To support local people to be cared for and live well at home towards the end of their life, and to die in their preferred place. This is facilitated by the expert advice and care of our Clinical Nurse Specialists, hereafter called community nurses, who provide comfort at an often difficult time.

Ongoing

Charity information: St Peter & St James Hospice

St Peter & St James Hospice logo
  • Need

    Need

    Surveys repeatedly find most people want to die at home, but in reality the most common place of death is in hospital (almost 50% of the deaths in England last year were in hospital). This puts pressure on our hospitals’ limited physical and personnel resources, and the unfamiliarity of a clinical environment can be distressing for patients and their families. Furthermore, research shows that insufficient practical support impacts negatively on carers physical and mental wellbeing.

    Solution

    Our community team will be better equipped to ensure appropriate emotional and practical support is provided to local families in their own homes. This support empowers patients to make decisions and have more choice around their death, at a time when much of their life is no longer in their control, and to stay at home for as long as possible. This will enable more people to fulfil their wish to die in familiar, comfortable surroundings, therefore allowing them the best possible ‘good’ death.

  • Aims

    Aim 1

    To improve the quality of life of patients living at home


    Activities

    » The hospice community nurse will liaise with medical and social care professionals to ensure the provision of the best possible care.
    » The support of a hospice community nurse empowers local patients to make decisions and have more choice around their death.
    » Seeing the ‘real’ person in the context of their own home allows the community nurse to know how to best comfort them towards the end of their life.

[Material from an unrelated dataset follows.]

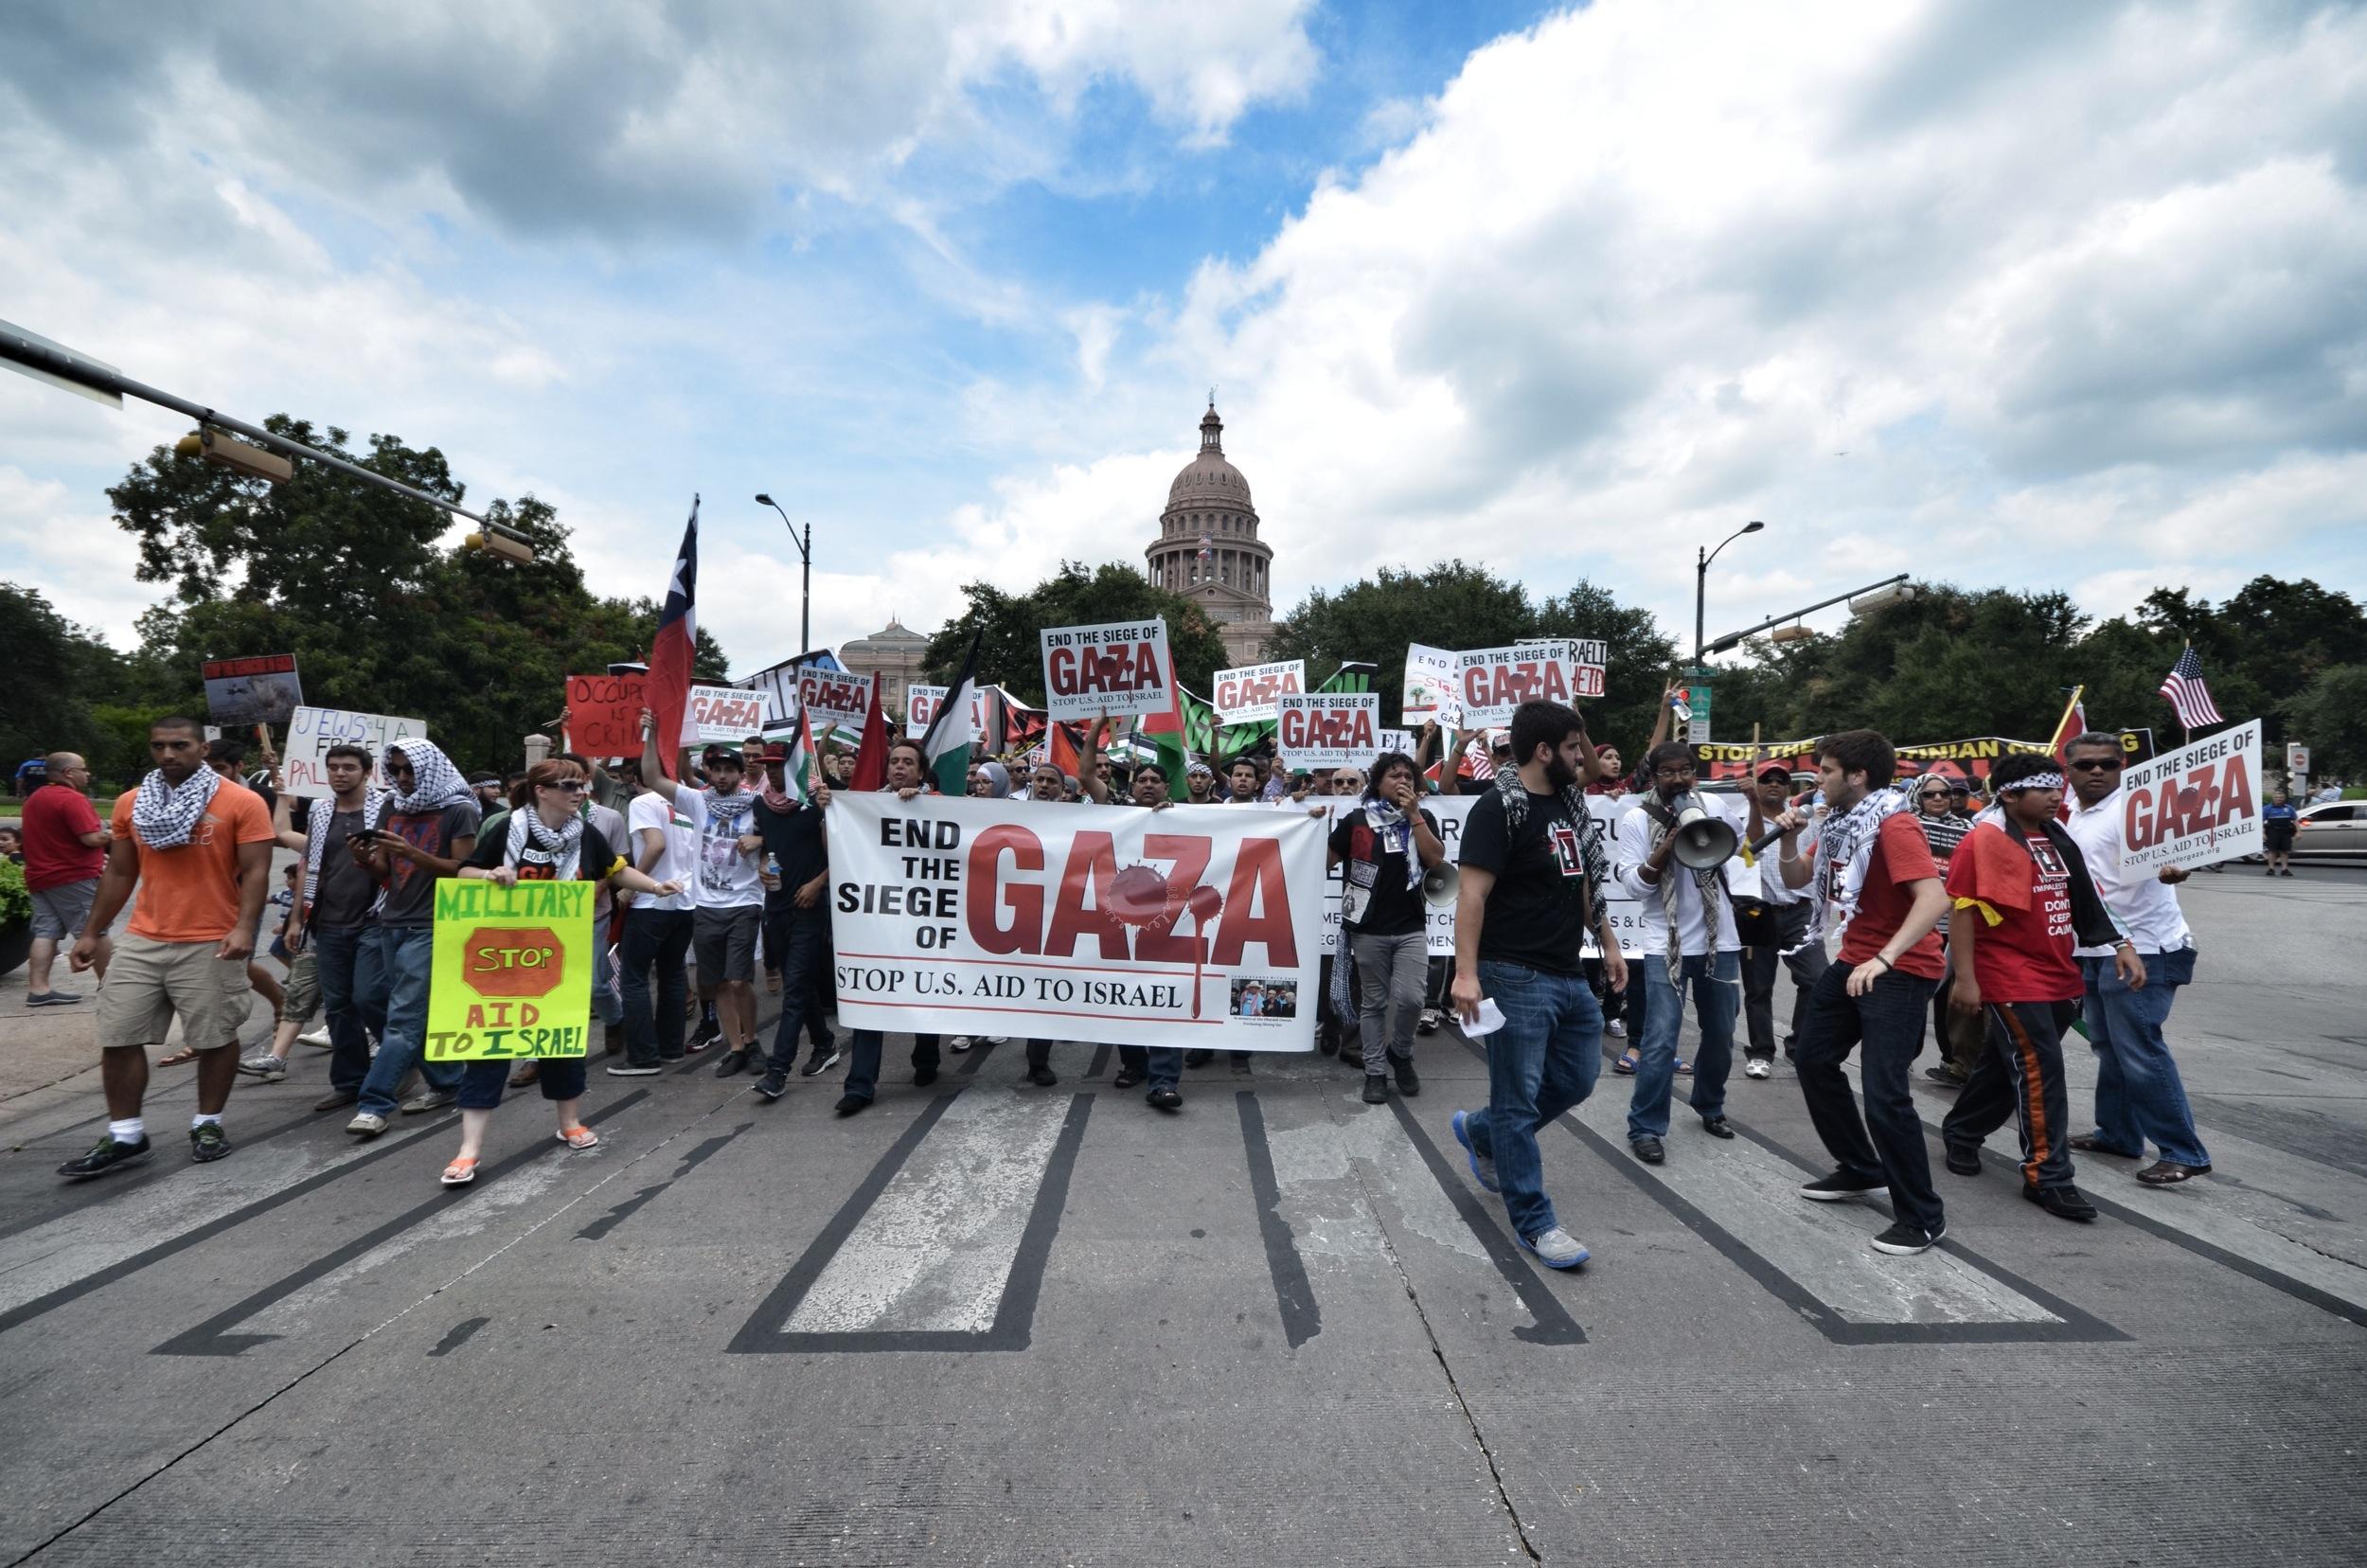 Texans for Gaza Rally, Austin, Texas. August, 2014

    What success will look like

    Regular internal data analysis of how many patients died in their preferred place of death, and feedback from families regarding their loved one’s final weeks.


    Aim 2

    To advise and support carers/families in their time of need


    Activities

    » The provision of practical and emotional support given by a caring, trusted professional in the home, makes it easier to cope with daily life.
    » By ensuring the family feels better supported themselves, it means in turn they can give better care to their loved one.
    » The continuity of each caseload means strong relationships are built with families over time, thus ensuring the most appropriate support is provided.

    What success will look like

    Feedback from bereaved families about their experiences with their community nurse.


    Aim 3

    85%+ of patients to die in their preferred place of death


    Activities

    » The community team carry out thorough advanced care planning when meeting a new patient, meaning their final wishes are known and worked towards.
    » The community team put in place practical support in the home, such as arranging the provision of a hospice bed, to allow patients to remain at home.
    » The community team liaise with hospice ward staff to prepare admissions for those patients who have chosen to die in the hospice.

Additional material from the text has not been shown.